Diese Frage lässt sich nur allgemein beantworten, da die individuelle Entwicklung der einzelnen legasthenen Kinder sehr unterschiedlich ist. Die Lese-Rechtschreibstörung bleibt überwiegend bis ins Erwachsenenalter bestehen. Kaum ein Schüler, der zu Beginn der zweiten Klasse Leseschwierigkeiten aufwies, erzielte in der 8. Klasse durchschnittliche Leistungen (Wiener Längsschnittstudie, Klicpera et al. 1993). Leseschwache Kinder bleiben bis zur 12. Klasse leseschwach (Connecticut Längsschnittstudie, Shaywitz et al. 1999). Jugendliche mit einer LRS erreichen ein im Verhältnis zu ihren kognitiven Möglichkeiten zu geringeres Schulabschlussniveau: Legasthene Jugendliche besuchen häufig die Hauptschule und Realschule, z. T. auch die Sonderschule. Ein gymnasialer Abschluss wird vergleichsweise selten erreicht.
Im Vergleich zu ihren kognitiven Fähigkeiten erreichen Rechtschreibgestörte ein deutlich geringeres Berufsausbildungsniveau (Strehlow et al. 1992). Es werden weniger akademische Berufe gewählt, obwohl die Betroffenen aufgrund ihrer kognitiven Fähigkeiten sehr gut in der Lage wären, solche Berufe auszuüben. Insgesamt ist die Rate der Arbeitslosigkeit unter den Legasthenikern deutlich erhöht (Esser et al. 2002). Diese Ergebnisse belegen eindrucksvoll, dass die LRS kein vorübergehendes Entwicklungsphänomen ist, sondern eine Störung darstellt, die ein Handicap für das gesamte Leben ist.

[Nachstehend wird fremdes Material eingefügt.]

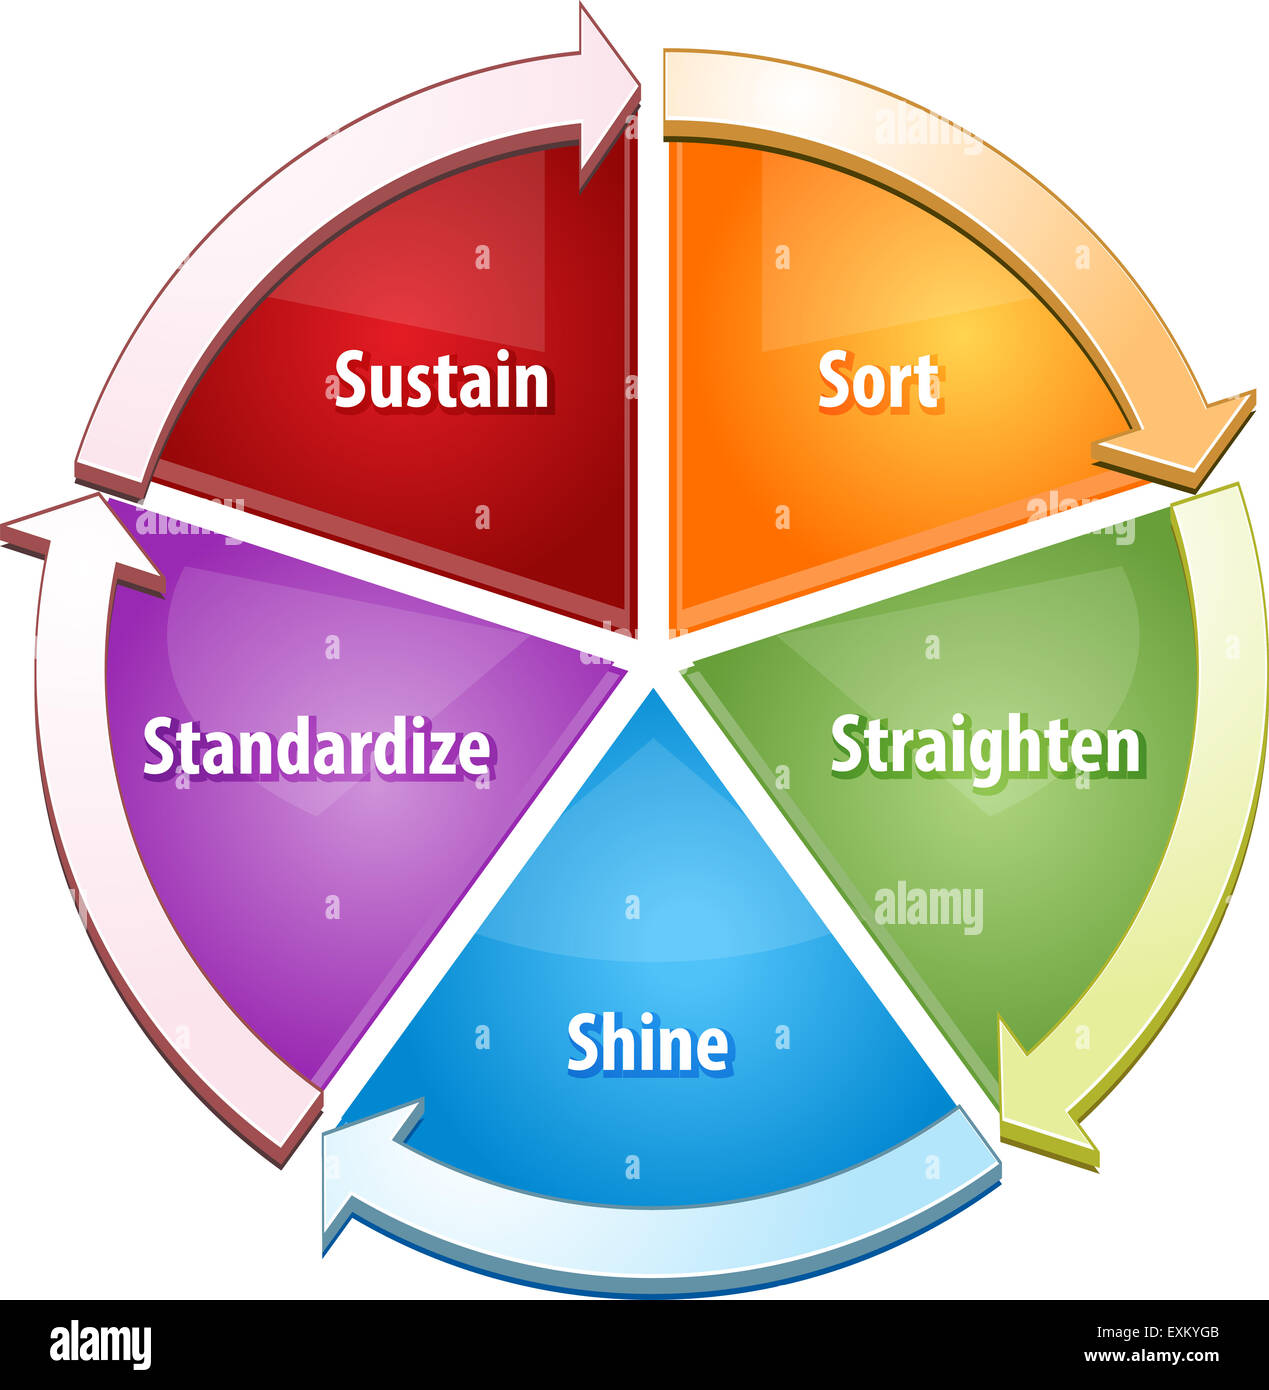 Business strategy concept infographic diagram illustration of 5S concept sort straighten shine standardize sustain Stock Photo

Im Beschluss der Kultusministerkonferenz von 1978 wird davon ausgegangen, dass durch die Förderung in den Jahrgangsstufen 1 bis 6 Schwierigkeiten im Lesen und Rechtschreiben im Wesentlichen behoben sind. Diese Erwartung ist bisher nicht durch empirische Befunde bestätigt. Trotz optimaler Förderung verbessern sich rechtschreibschwache Fünftklässler bis ins Erwachsenenalter nur unwesentlich (Jungermann 2002). Mit Ausnahme des Bundeslandes Bayern wird kein Schutz der legasthenen Schüler bis zum Abitur garantiert. Häufig entsteht sogar ein Leistungseinbruch beim Übergang von Klasse 9./10 in Klasse 11, da ab diesem Zeitpunkt die schriftlichen Leistungen der diagnostizierten Legastheniker ohne erkennbaren Grund wieder bewertet werden. Dieses Vorgehen führt nicht selten dazu, dass Legastheniker, die ihre Störung bisher zufriedenstellend kompensieren konnten, plötzlich in der Schule versagen und eine Reihe von zusätzlichen emotionalen Problemen entwickeln.
Die Entwicklung der LRS wird durch verschiedene Faktoren mitbestimmt, die sich wiederum gegenseitig untereinander beeinflussen können. Legasthene Kinder mit recht hohen kognitiven Fähigkeiten durchlaufen insgesamt eine bessere Entwicklung. Ferner zählt ein unterstützendes Elternhaus zu den schützenden Faktoren.
Die Entwicklung von legasthenen Kindern, die zusätzliche Störungen (wie zum Beispiel eine Hyperkinetische Störung) haben, ist vergleichsweise schlechter.
Dementsprechend ist auch das Berufsausbildungsniveau der Legastheniker herabgesetzt.
Ein weiterer wesentlicher Faktor ist die psychische Entwicklung der Betroffenen. Häufig finden sich ein geringes Selbstwertgefühl, eine geringe Frustationstoleranz und z. T. ein negatives Selbstbild mit einer pessimistischen Zukunftserwartung.
Auch Verhaltensstörungen in Form von impulsivem und aggressivem Verhalten treten in der Entwicklung auf. Insbesondere bei legasthenen Kindern mit einer bereits vorschulisch diagnostizierten hyperkinetischen Störung besteht ein erhöhtes Risiko für die Entwicklung einer Störung des Verhaltens.
Einen wesentlichen Einfluss auf die Entwicklung sollte der Faktor Förderung und Therapie haben. Allerdings sind die Ergebnisse wissenschaftlicher Untersuchungen hierzu widersprüchlich. Trotz Förderung ist die Entwicklung im Lesen und Rechtschreiben insgesamt nicht sehr gut. Diese Aussage wird natürlich durch die Auswahl des Verfahrens zur Förderung beeinflusst. Bei nicht effektiven Methoden ist der Verlauf der Legasthenie sehr schlecht, da sich die Betroffenen im Verhältnis zum Klassendurchschnitt weiter verschlechtern.